Jan 28

ANALYSIS

Wilson Stringer

Independent Study

Mr. Bessias

28/01/19

Independent Study Analysis

 

Part 1: Programming

 

Over the past two semesters, I have been studying and working on my independent study. The point of my study was to see if socioeconomic status correlates with bad pregnancy outcomes (stillbirth, preterm birth, low birth weight). I started out by programming through R, but then I switched over to SAS because it was more logistic. I used SAS for the past few months to program and find the outcomes that I did.

The first thing that I had to do in SAS, was create a library (named W_ZAPPS) and import my dataset so that I could use statistics to find outcomes. I then defined all of the variables that I planned to use, for example: I wrote “mat_age” for maternal age, “maritalcat” for marital status and so on. In total, I used around 100 different variables varying from what type of water was used in the house, to how many years of education the mother has. I then had to sort the variables into categorical and numerical. I had to program the yes and no answers to 1 and 2, so it would work in the programming. After that, I had to clean the data to make sure the data was legitimate and there were no errors. For example, in some cases I had to remove all of the duplicates so any of the extras I programmed out. I did this for several of the variables so the data was cleaned and ready to be analyzed.
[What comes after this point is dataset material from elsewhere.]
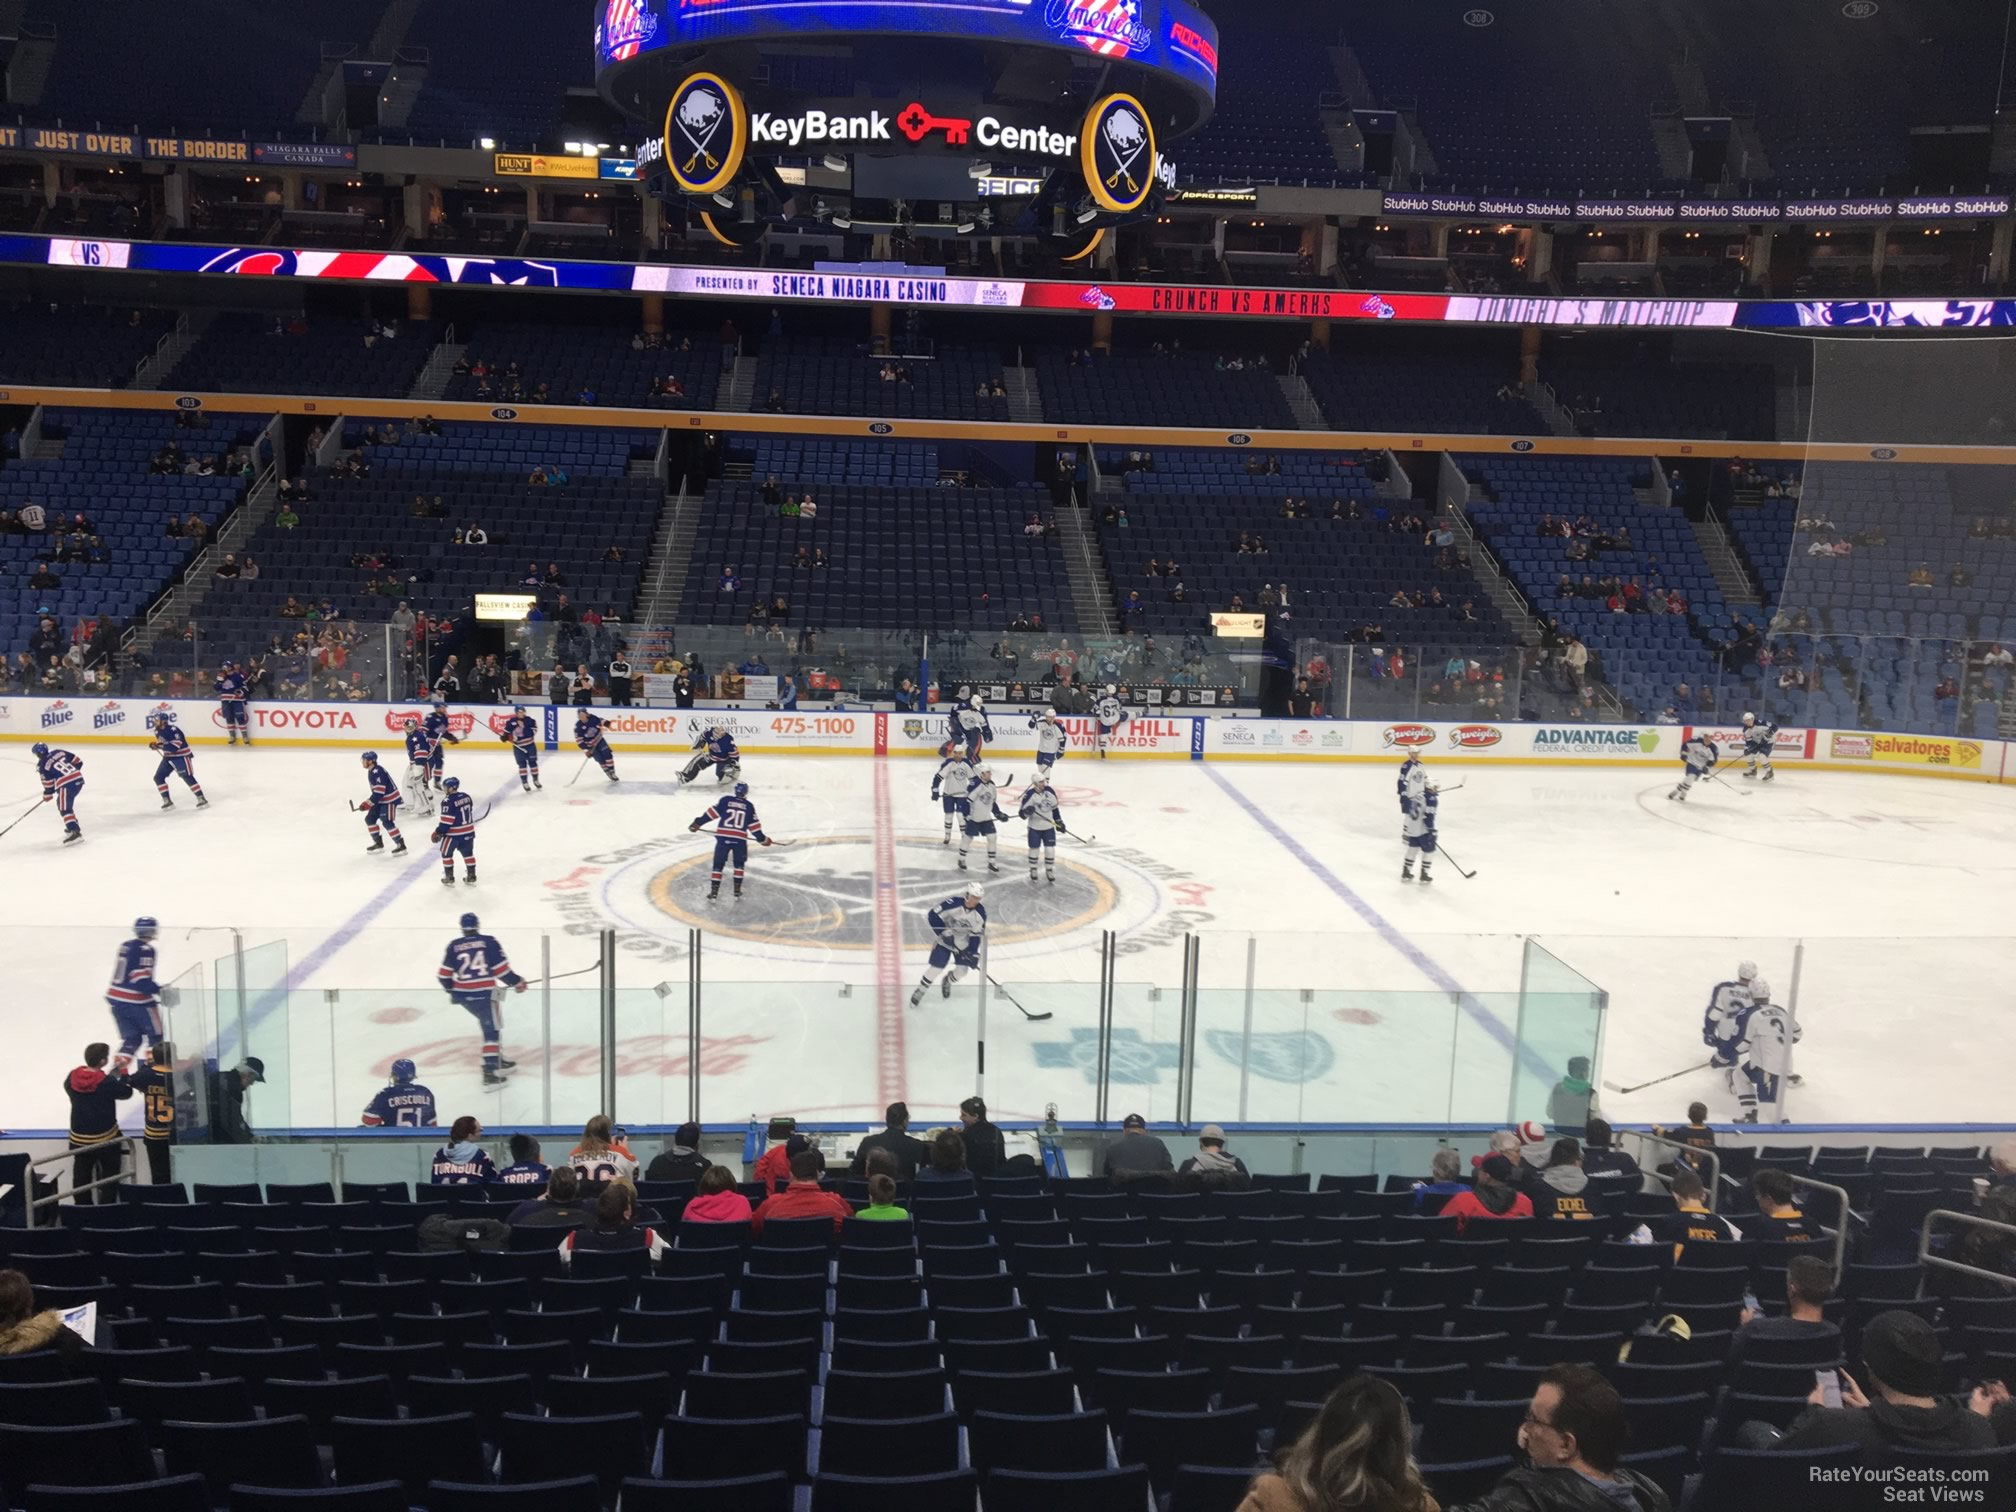 section 117, row 22 seat view  for hockey - keybank center
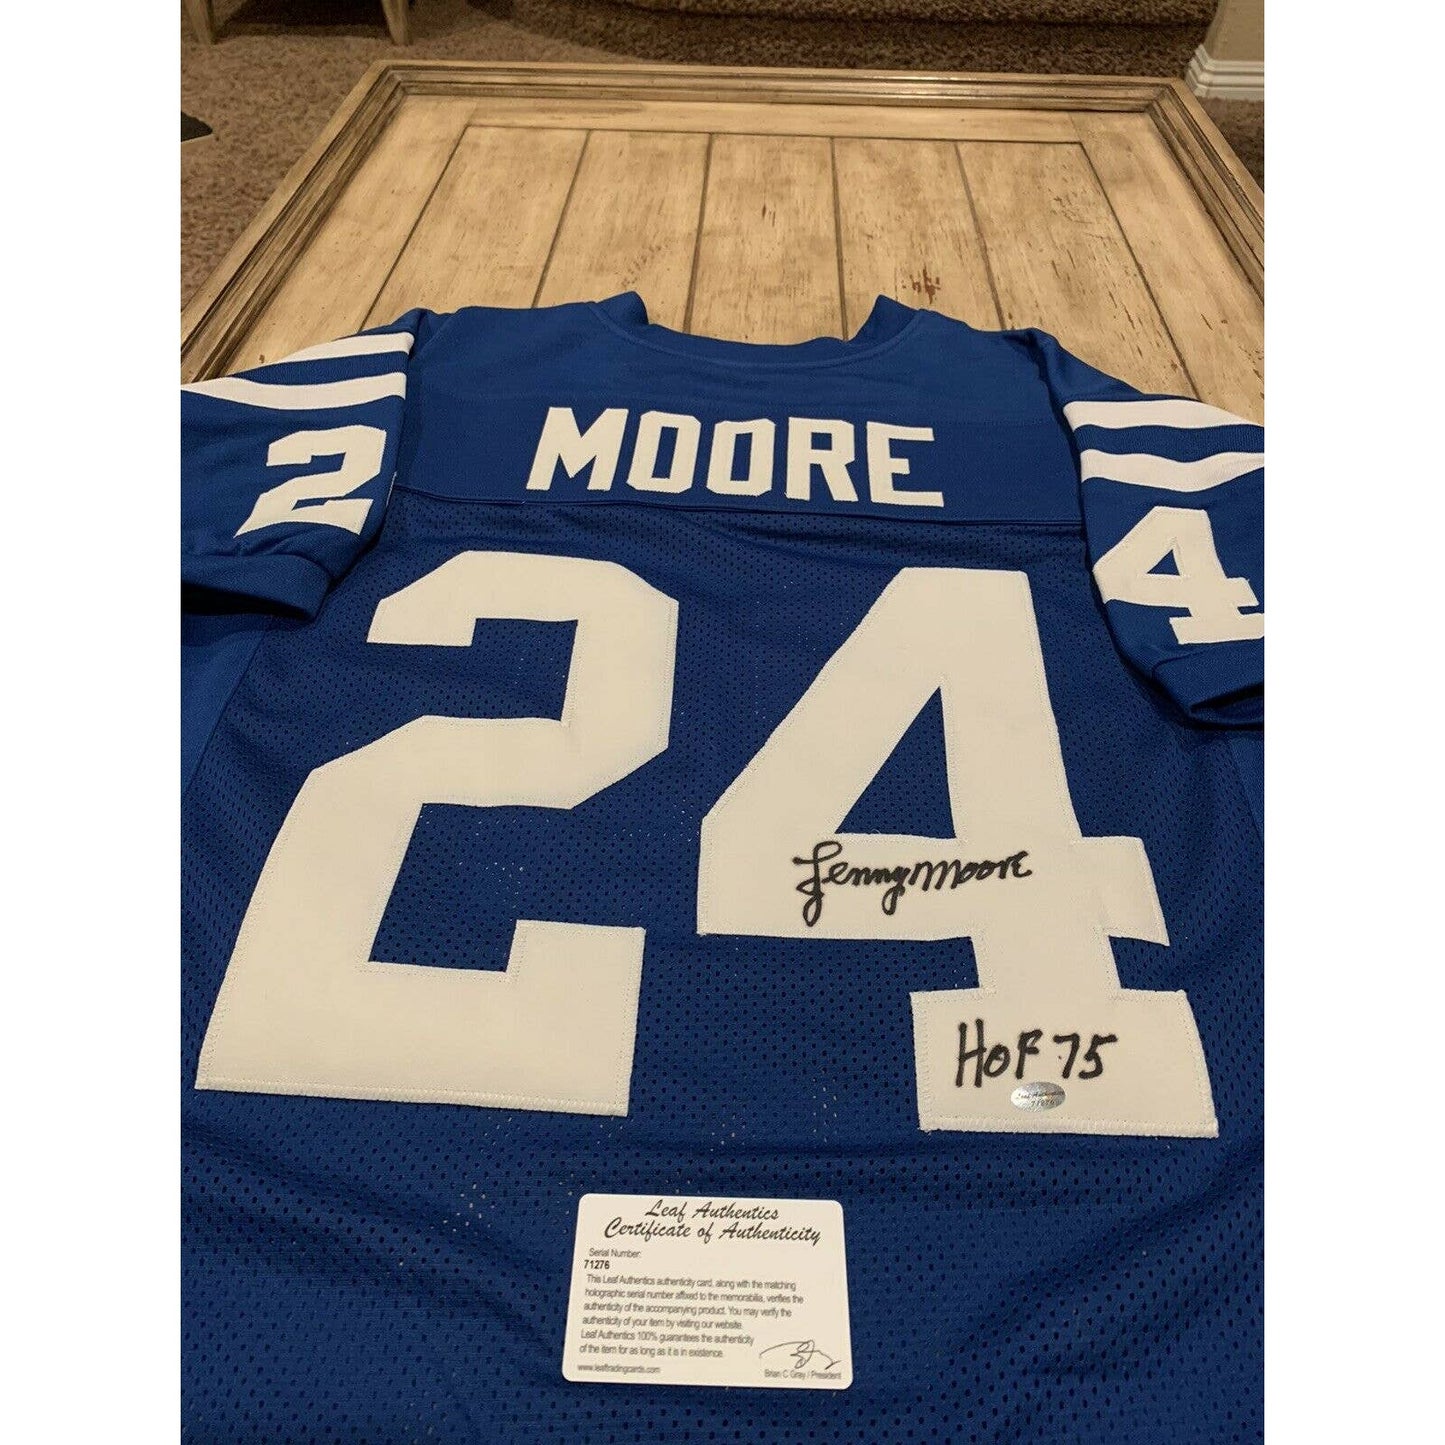 Lenny Moore Autographed/Signed Jersey LEAF COA Baltimore Indianapolis Colts - TreasuresEvolved

Writing the program was one of the hardest parts because SAS has a very unique way of making sure the code is correctly written down. After every line of code used a ; has to be placed so that the line can be ran and spit out the data. Here are some examples of the written code used to answer questions.

Do HIV + women have a lower hemoglobin count? (The answer was Yes)

Proc ttest; class HIV; var hemoglobin; run;

You can see that I ran a t-test in which I chose the class, HIV, and the variable was hemoglobin. Another example would be:

Do people with more education have better floors?

Proc freq; tables education*floors /chisq; run;

In this case, I did a chi square test in which the two variables were education and floors so there is an * placed in between them.

The answer to this question is No. This finding was very surprising. (I will get into this later)

One more example would be:

Are women with piped water more likely to have unfinished floors?

Proc freq; tables piped_water*floors /chisq; run;

The answer was Yes.

The reason I ran these tests was to see if there was a correlation between the two variables and there was in some cases, and others no. If the p value was below .05, then they were statistically significant and that is why I could make these conclusions.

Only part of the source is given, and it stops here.